Dubai weakens while Sharm El Sheikh improves

Hotels in Dubai have reported weakening performance trends, as RevPAR declined in November by 6.6% to US$340.06 compared to the same period last year, according to the latest HotStats data.

The contraction in room revenues was due to a softening of occupancies, which retracted by 1.1 percentage points to 86.7%, but led largely by a decline in ADR of 5.5% to US$392.37. The drop in room revenues also caused a decline in total revenues per available room (TRevPAR) by 2.3% to US$602.70, but was compensated in some part by an increase in food and beverage revenues that rose by 4.8% for the period. Profitability levels were under pressure as some key cost items such as payroll and sales and marketing inched higher for the period, causing gross operating profit per available room (GOPPAR) to contract by 4.3% to US$316.36.

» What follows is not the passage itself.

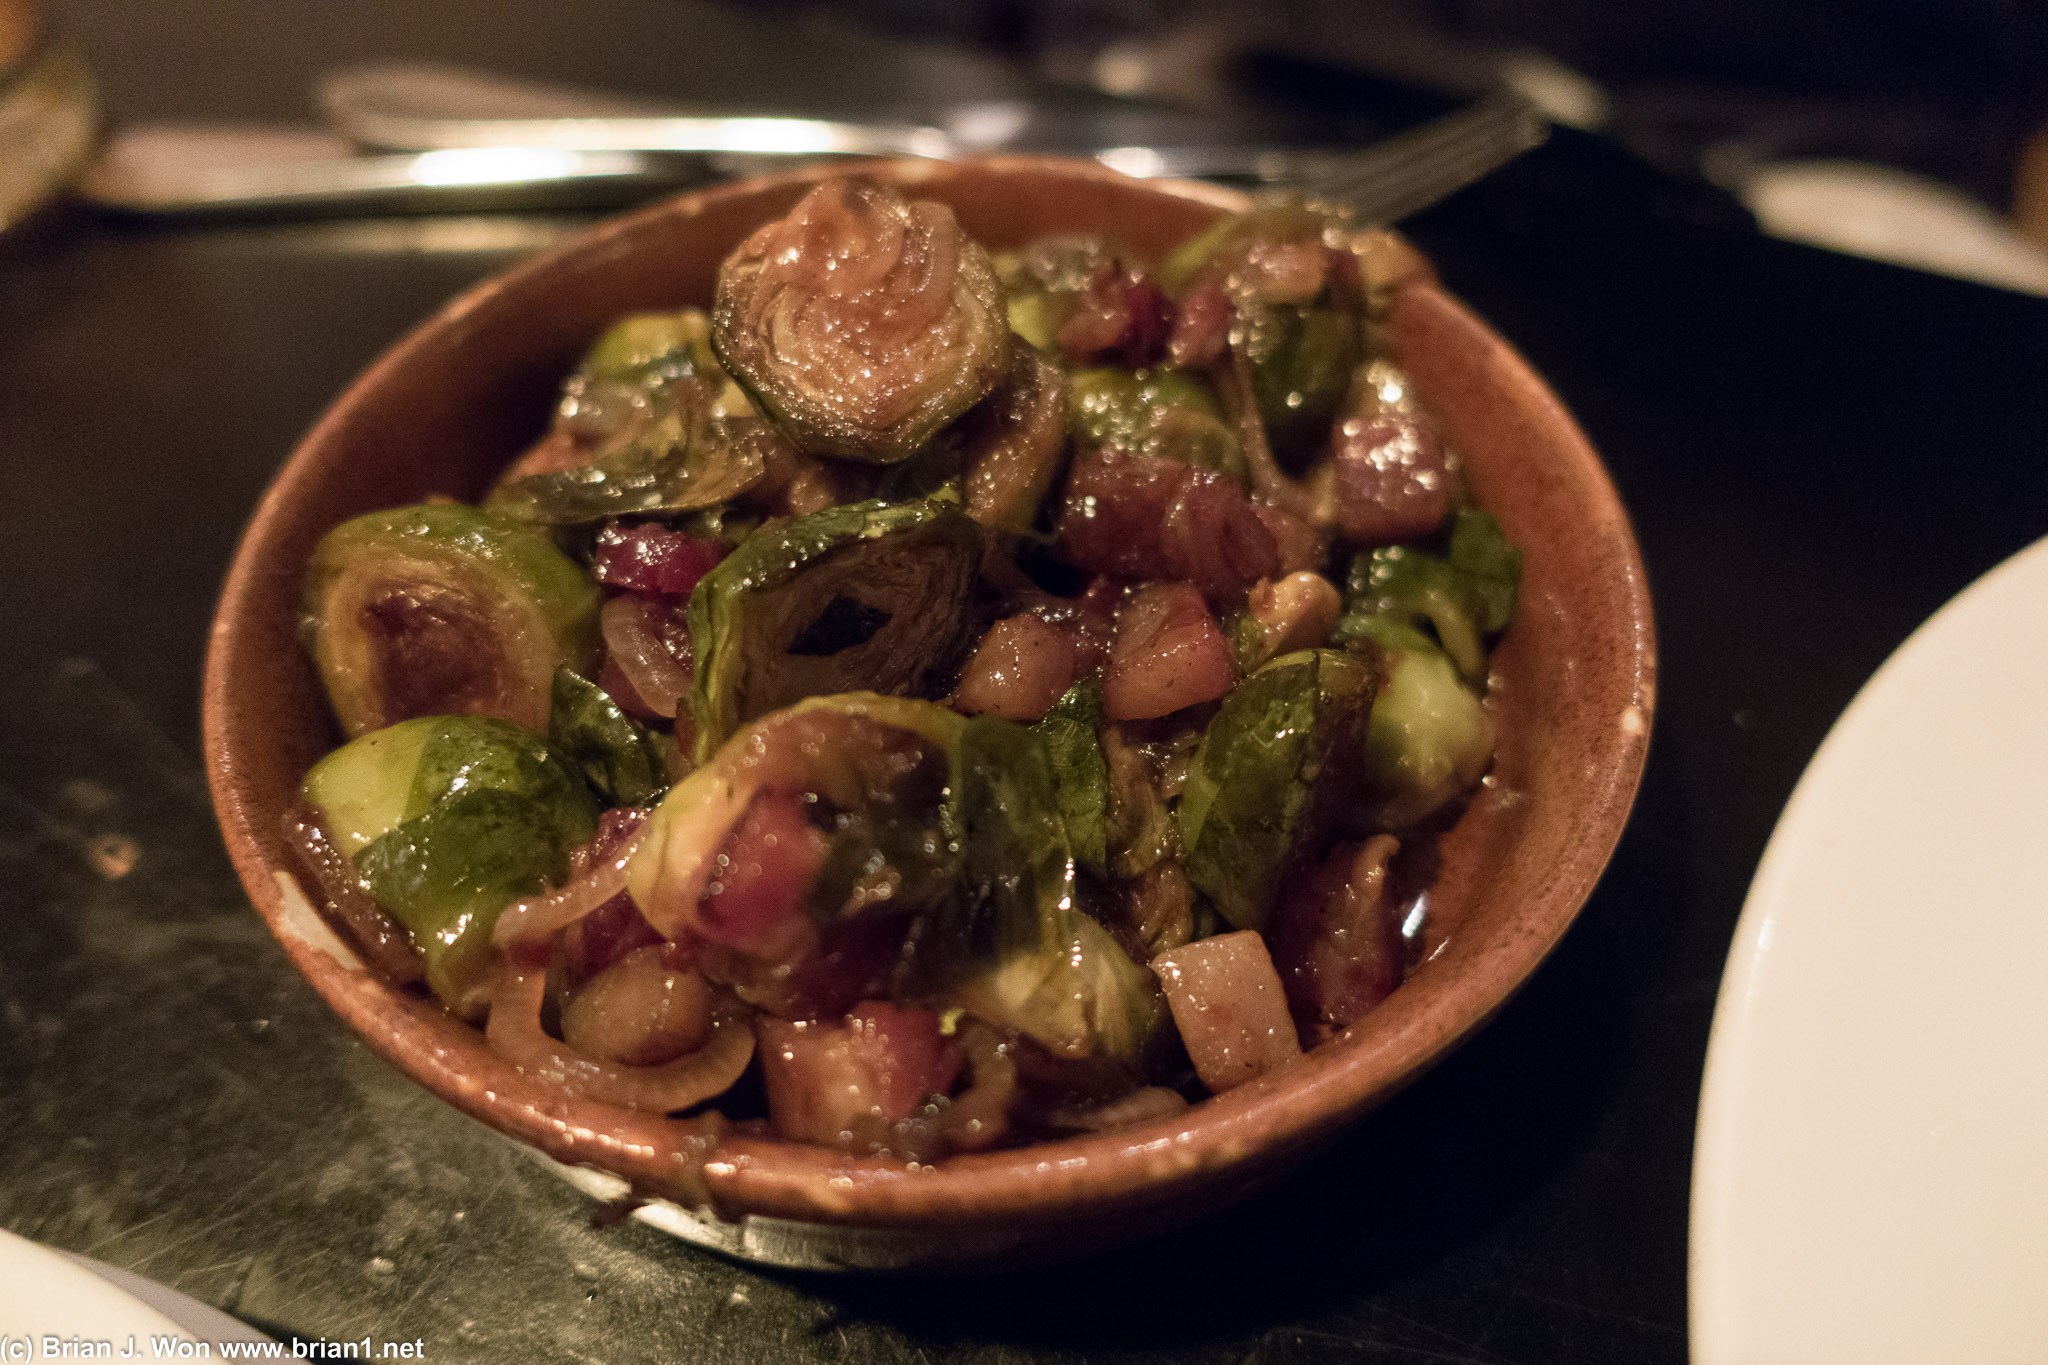 Brussel sprouts and bacon. A little heavy on the sauce but very good otherwise.
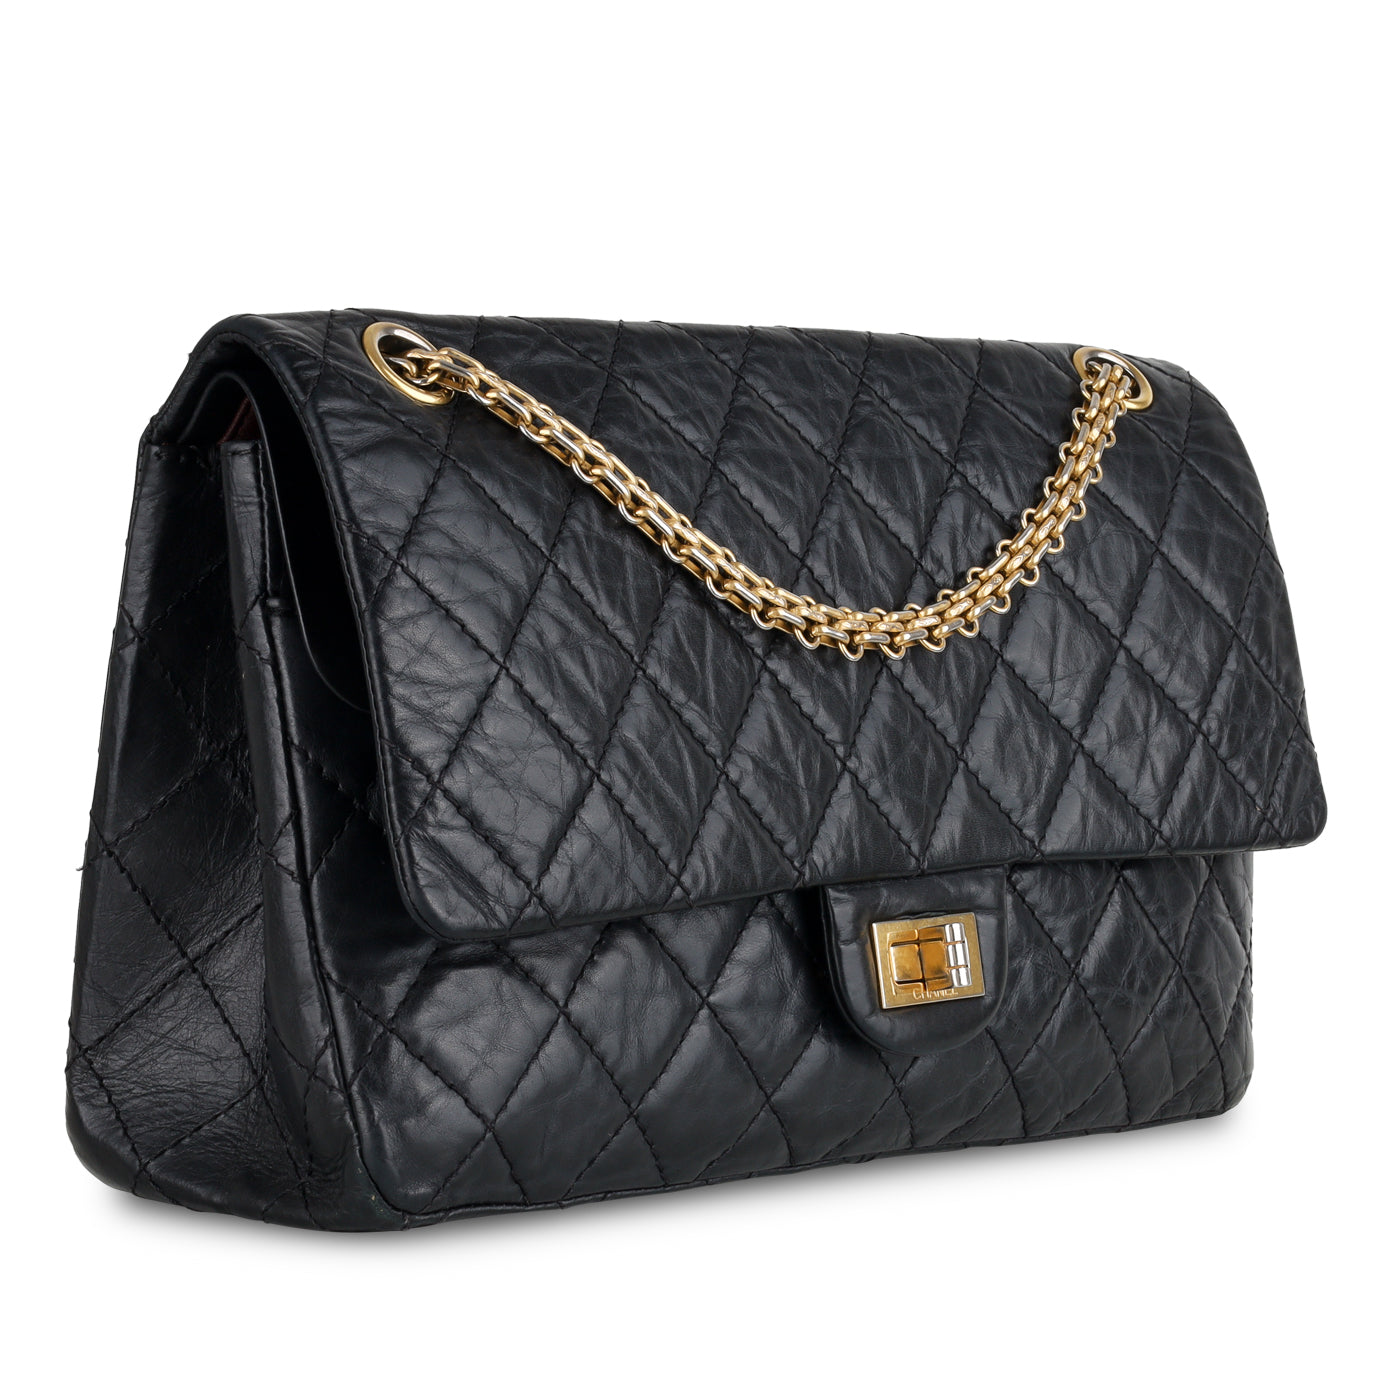 Chanel - 2.55 Re-issue Flap Bag - 226 - Gold Hardware - Black

‘‘Hotels in Dubai have begun experiencing several demand- and supply-based issues that have weighed down on performance levels for the period,” commented Peter Goddard, managing director of TRI Consulting. “The largest impact was seen through the deterioration of political and economic conditions in Russia and some eastern European countries that drive significant demand to the city. The declining rouble and higher rates in Dubai appears to have made many of them reconsider their trip to Dubai, but also diverted some traffic to Sharm El Sheikh and Istanbul, which offer a better value proposition. Additionally, new supply entering the market has also made the sector more competitive.’’

Performance improves in Sharm El Sheikh

Hotels in Sharm El Sheikh reported encouraging performance levels, led by a 46.3% increase in ADR to US$47.72 and a 2 percentage point increase in occupancies to 61.8%. As a consequence, RevPAR grew by 51.3% to US$29.51, pushing up TRevPAR by 28% to US$53.90. Despite an increase in payroll and other overhead costs, GOPPAR levels managed to increase by 67% to US$15.31, benefitting largely from the strong increase witnessed in average room rates for the period.

‘‘Egyptian hotel markets have made a comeback this year with both Sharm El Sheikh and Cairo reporting strong growth in RevPAR levels for the calendar year up to November of 2014,” Goddard said. “The confidence in the market is led by the efforts of the government to prioritize tourism and provide necessary security arrangements to protect its tourism assets, specifically for Sharm El Sheikh. Despite a strong growth in ARR reported for the period, Sharm El Sheikh still holds a strong value proposition compared to similar beach destinations in the region, and will be particularly attractive for key European source markets which are expected to drive performance going forward.”